Supplied information
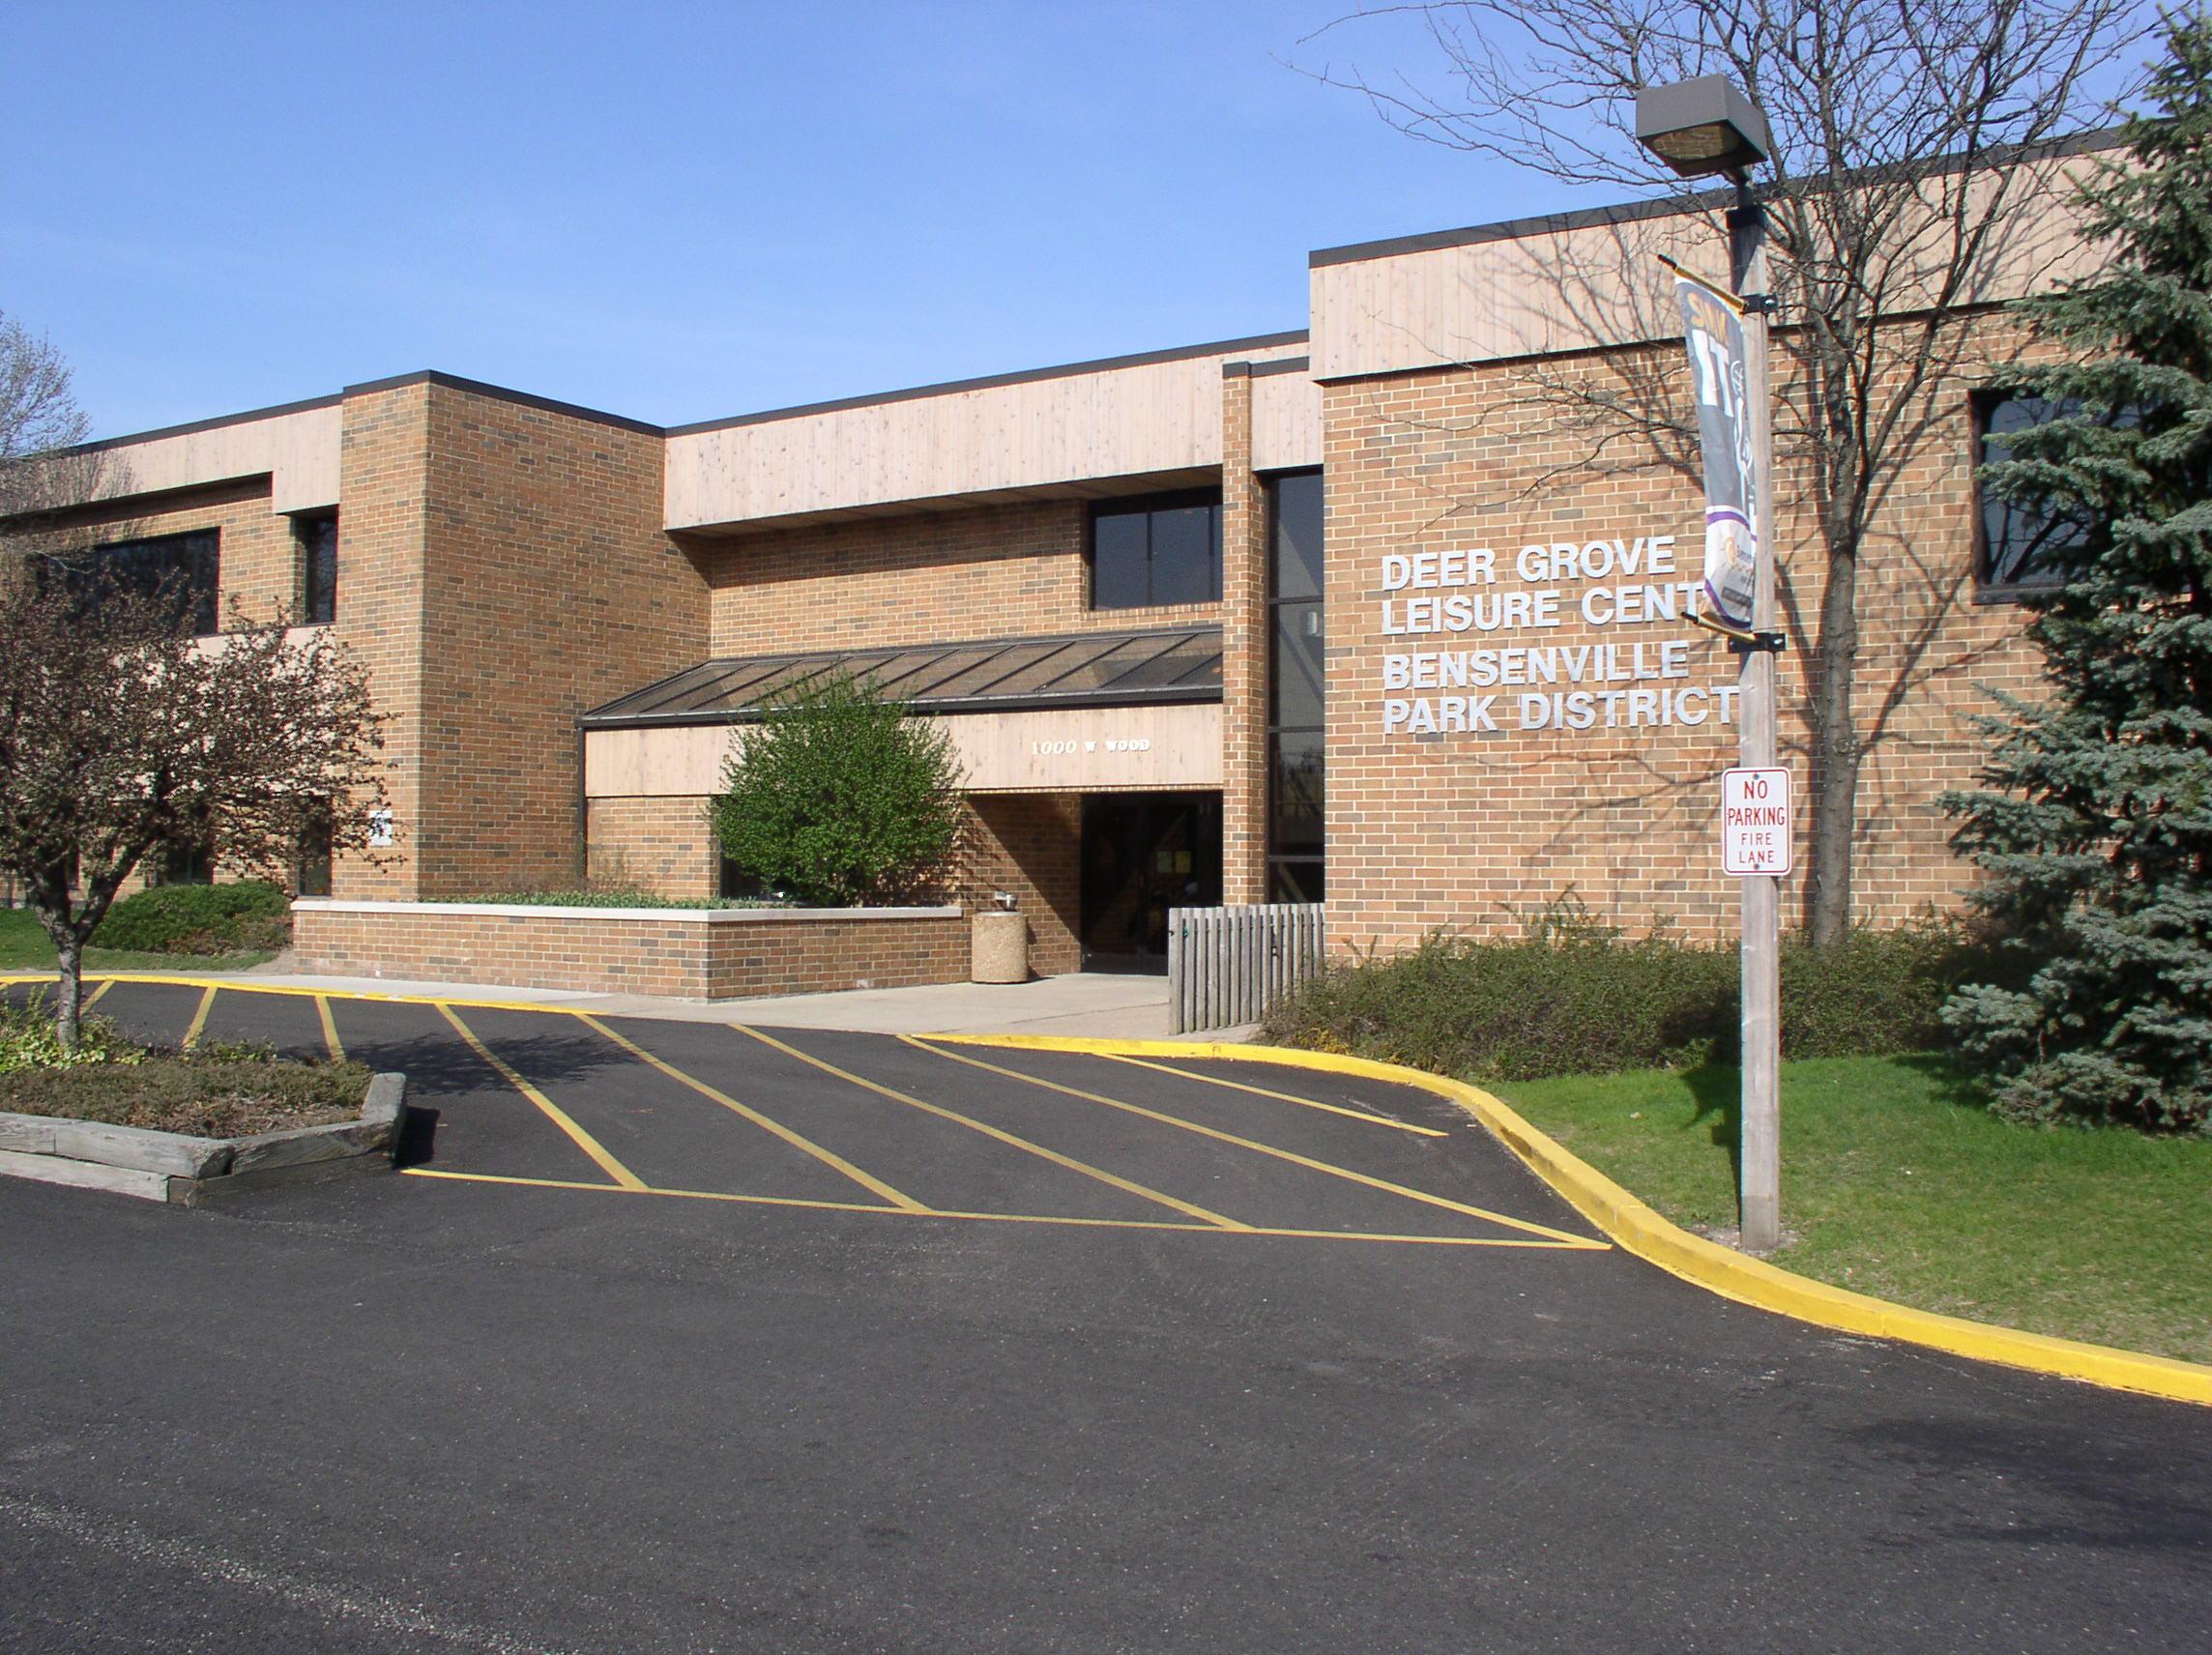 Bensenville Park District image 0
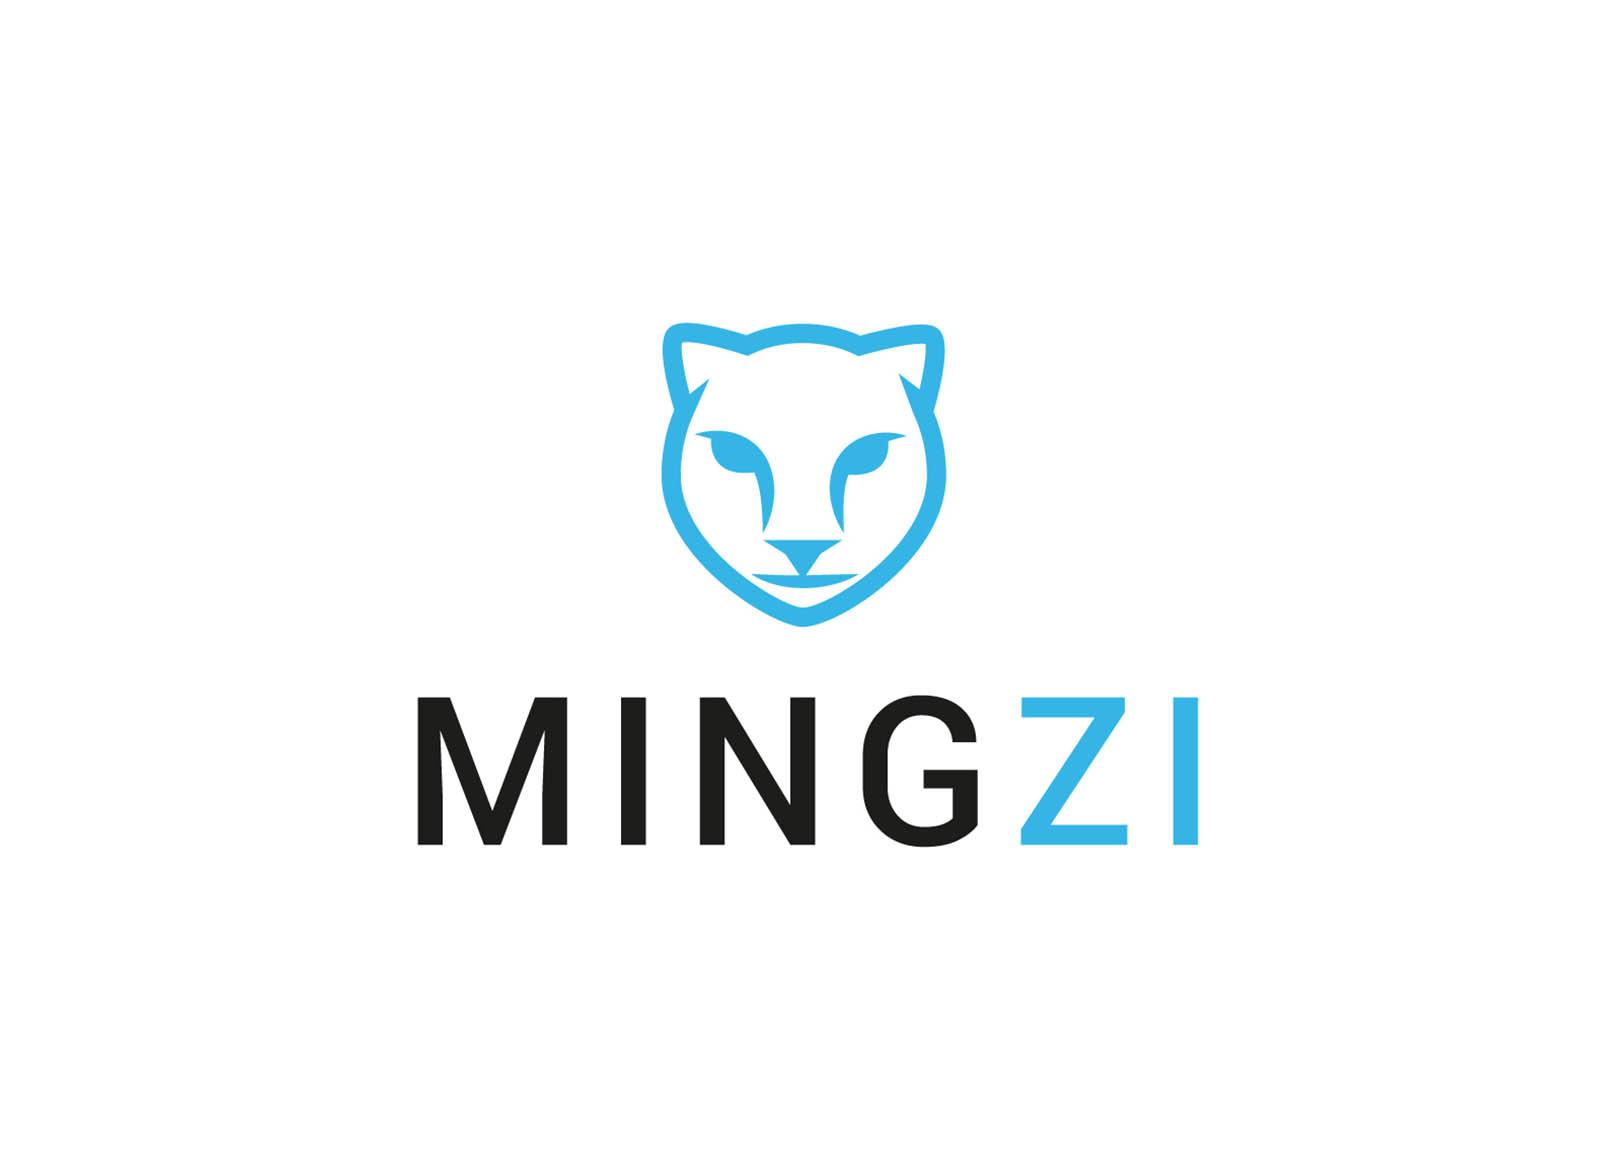 Logotype Mingzi - graphiste freelance Lyon - Laurent Pischiutta
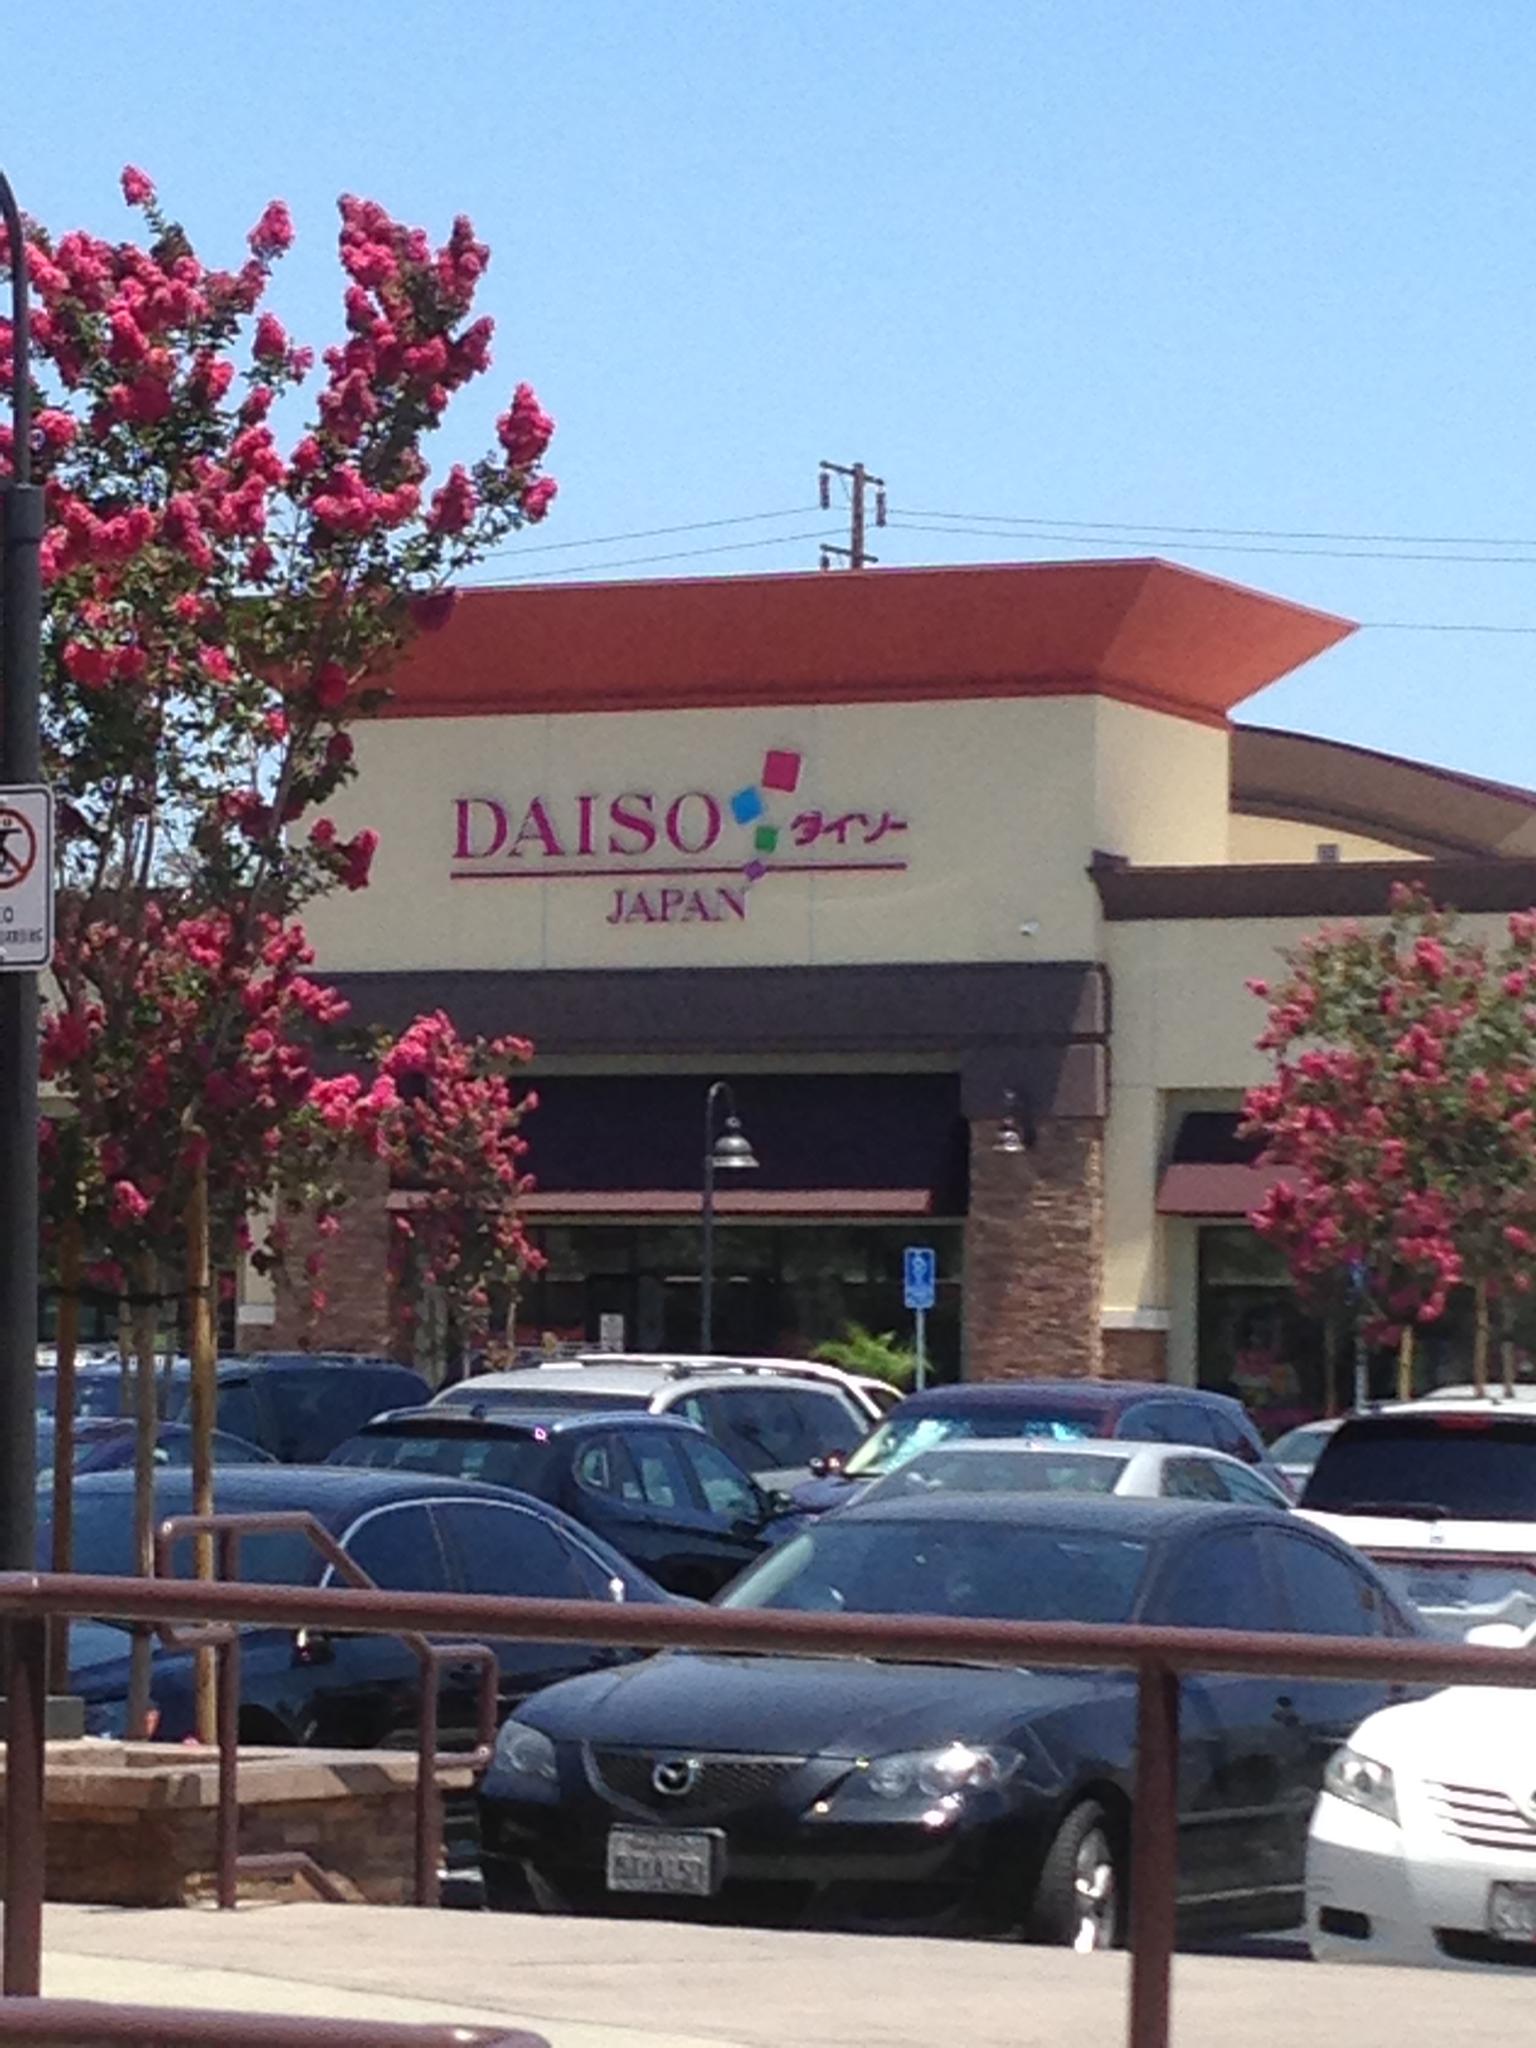 Daiso Japan 5131 Beach Blvd Ste A Buena Park Ca 90621

What the task asks
Output nothing but the lines from the one containing "Logotype Mingzi - graphiste" to the end of the listing, both ends included, reproduced exactly. Pictures stay out.

Response
 Logotype Mingzi - graphiste freelance Lyon - Laurent Pischiutta
 Daiso Japan 5131 Beach Blvd Ste A Buena Park Ca 90621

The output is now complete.